Performance management is mutually a planned and an incorporated approach to convey thriving results in business by recuperating the presentation and budding the potential of group and person Arm Strong and Barron ,
The purpose of measuring performance management is not to know how your business has performed but to facilitate it to execute in an improved way. The ultimate aim of executing a performance measurement system is to develop the performance of your organization. If you can get hold of your performance measurement right, [Bob Frost].
These are some of the metrics through which we can find out the effectiveness of performance management.
Productivity- This is one metric based on the premeditated goal for the occasion stage which chooses the numerator and denominator for the production per unit (productivity).

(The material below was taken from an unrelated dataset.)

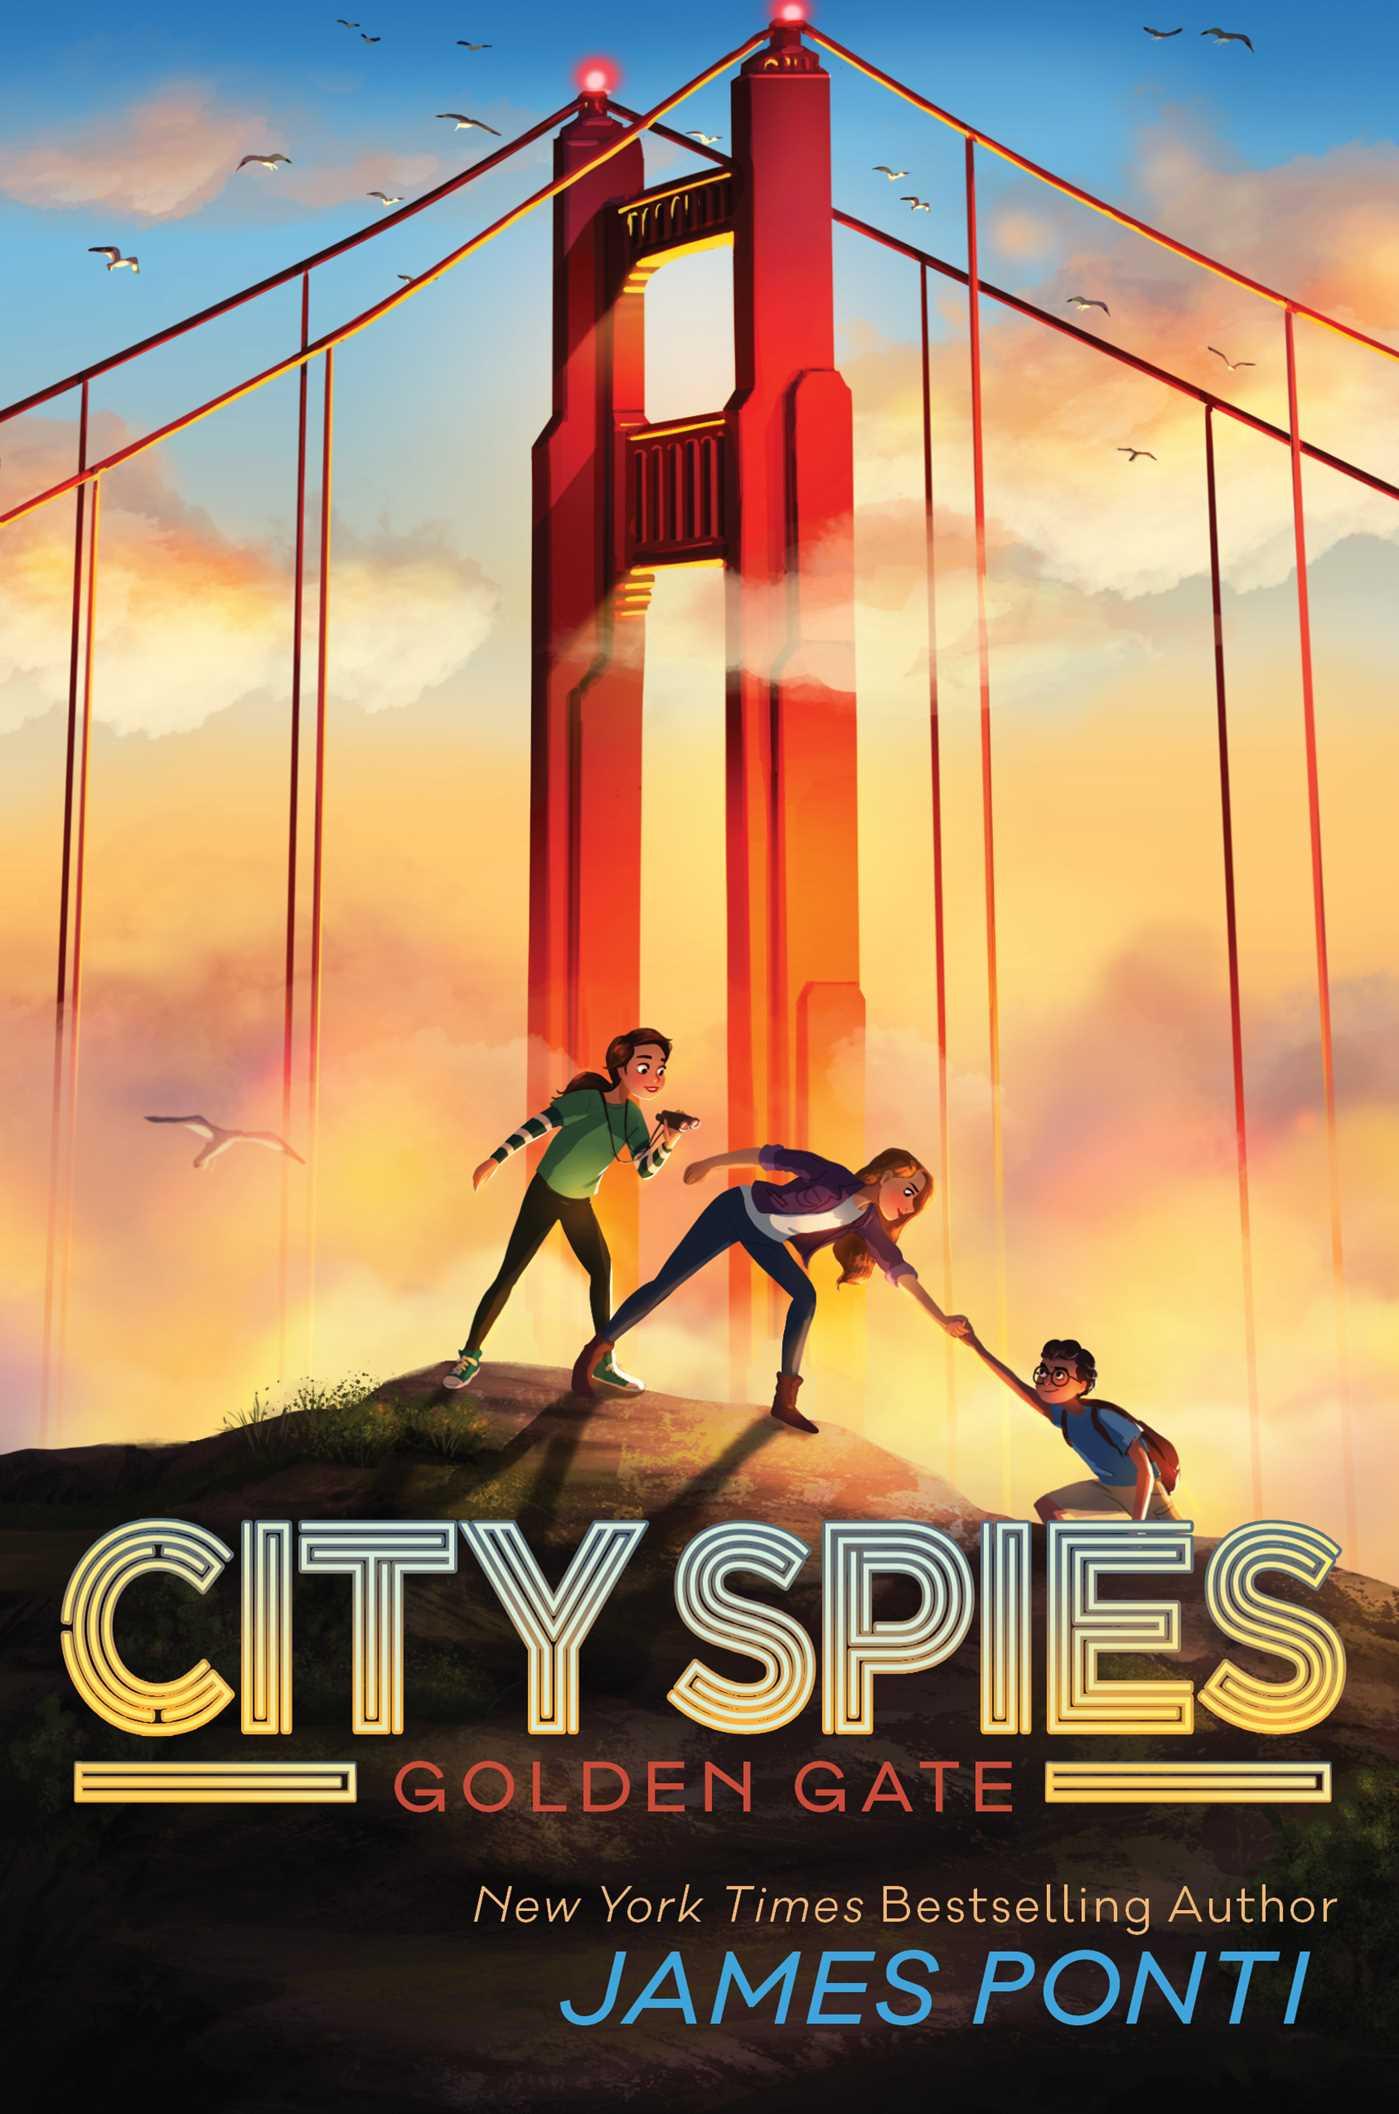 Golden Gate (City Spies, #2)

For eg- If a goal is launch of a new product or if we want to quantify the Return On Investment (ROI), or find out which financial records to focus on (with limited sales resources)or calculate sales output or if a new-fangled business surpasses your sales and marketing costs, then you know that you’re on the pathway to accomplishment and the company’s performance has been excellent e.g.,. Actual productivity = Actual output Resources actually consumed. Productivity is an indicator of performance management. If the consumption of the products increases it means the organisation has outperformed. It benefits the labour, staff and measures the performance of the process system management.
A series of studies conducted by the American Pulpwood Association showed empirically that there is a straight association between what a person does (behavior) and the accomplishment of the business’s plan which aspire to boost the productivity of employees.